» **BRIEF**
With every picture left out, restate the listing below exactly as written.

» **AVAILABLE DATA**
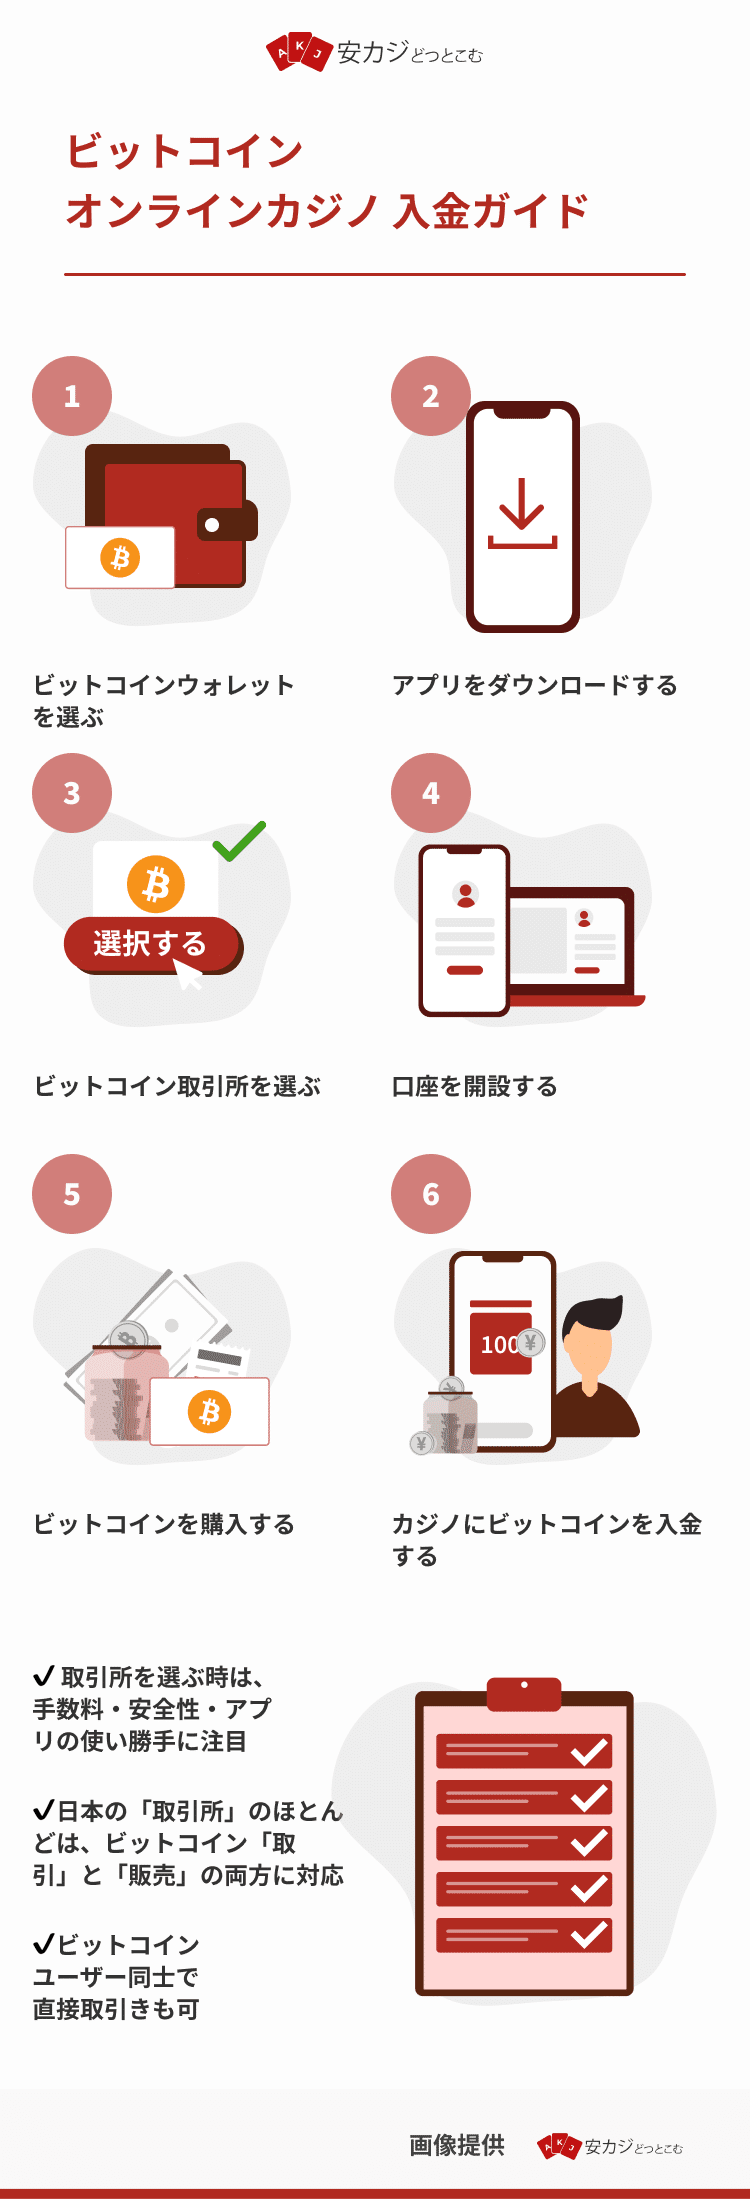 ビットコイン - オンラインカジノ入金ガイド
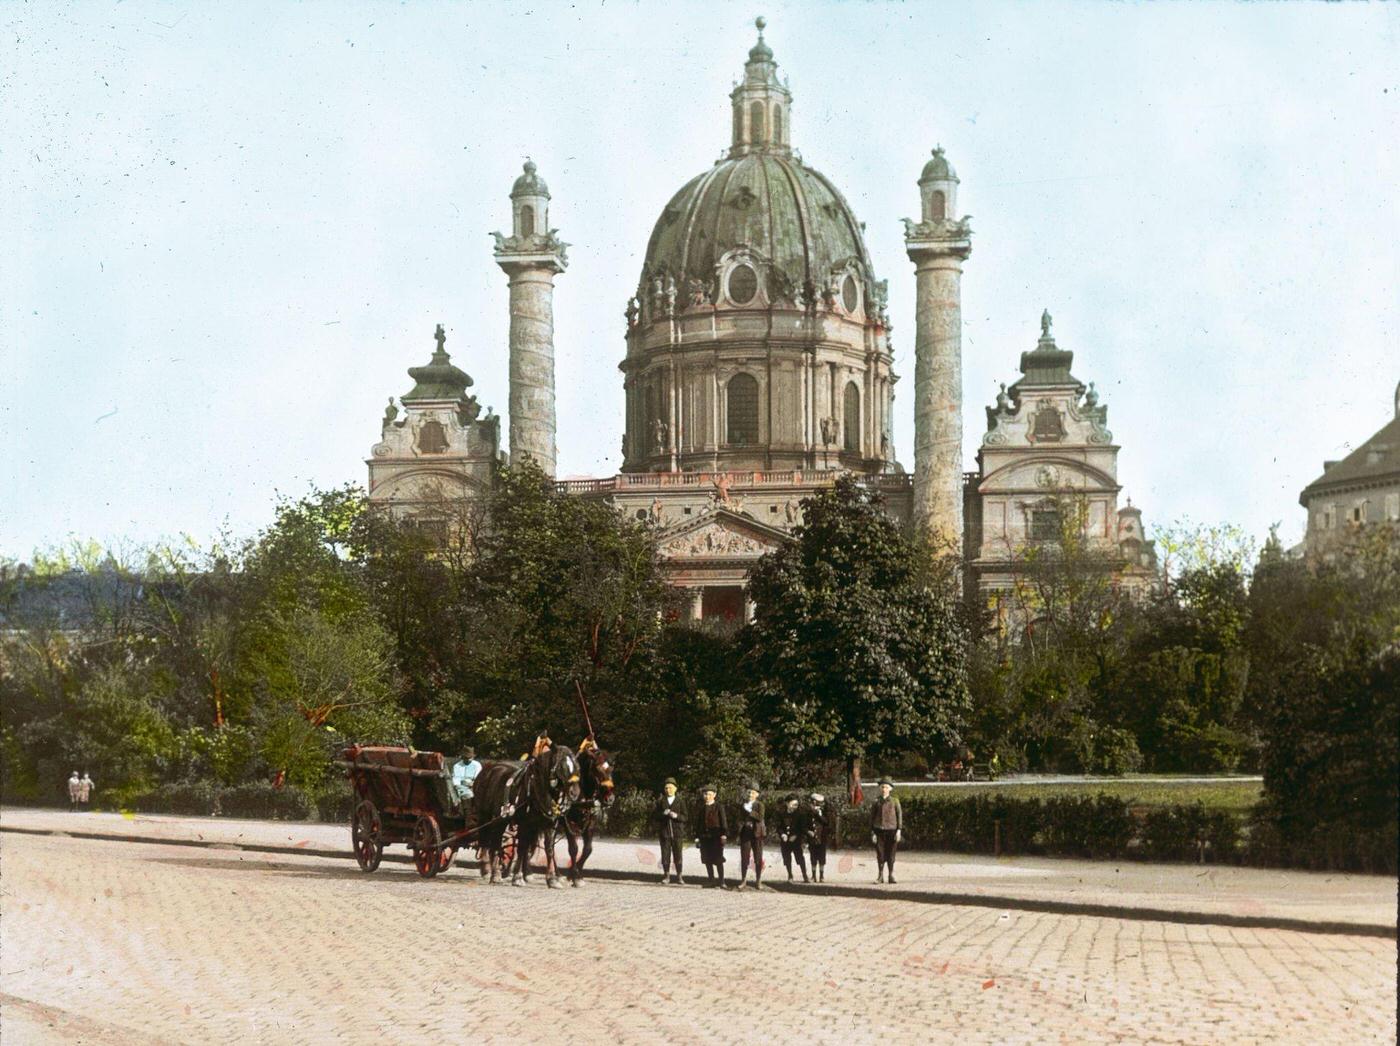 Karlskirche (St. Charles' Church) at Karlsplatz in Vienna's 4th district, 1905.
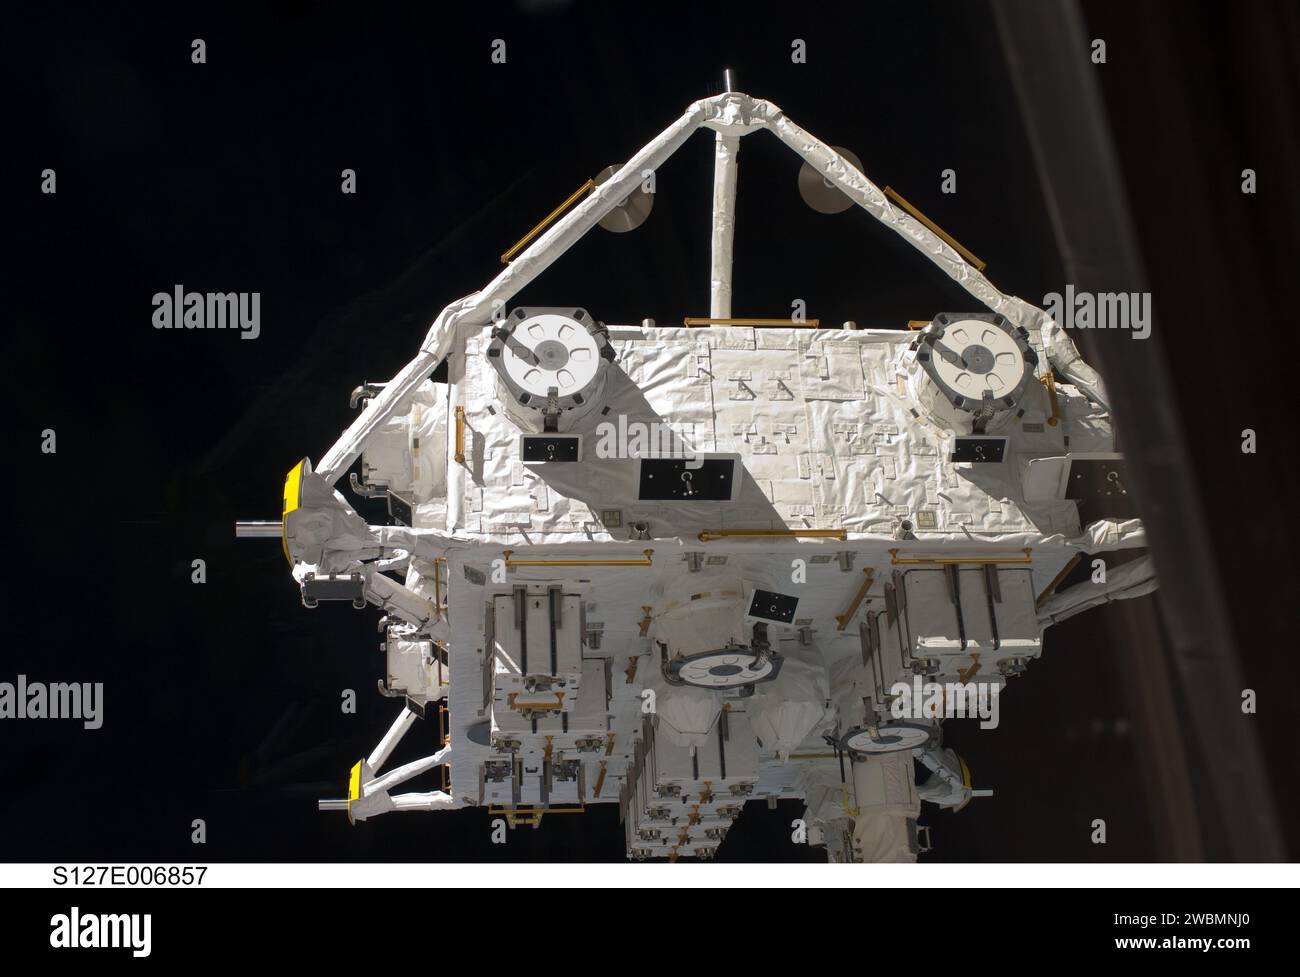 S127-E-006857 (18. Juli 2009) --- das Japanische Experimentmodul - Exposed Facility (JEF) ist im Griff des RMS-Arms (Remote Manipulator System) des Space Shuttle Endeavour (außerhalb des Rahmens) während der Robotik-Aktivität am vierten Flugtag abgebildet. Astronauten begannen an diesem Tag auch eine Reihe von fünf Raumwanderungen, um die Arbeit an der Internationalen Raumstation fortzusetzen. Stockfoto

» **TASK RESULT**
 ビットコイン - オンラインカジノ入金ガイド
 Karlskirche (St. Charles' Church) at Karlsplatz in Vienna's 4th district, 1905.
 S127-E-006857 (18. Juli 2009) --- das Japanische Experimentmodul - Exposed Facility (JEF) ist im Griff des RMS-Arms (Remote Manipulator System) des Space Shuttle Endeavour (außerhalb des Rahmens) während der Robotik-Aktivität am vierten Flugtag abgebildet. Astronauten begannen an diesem Tag auch eine Reihe von fünf Raumwanderungen, um die Arbeit an der Internationalen Raumstation fortzusetzen. Stockfoto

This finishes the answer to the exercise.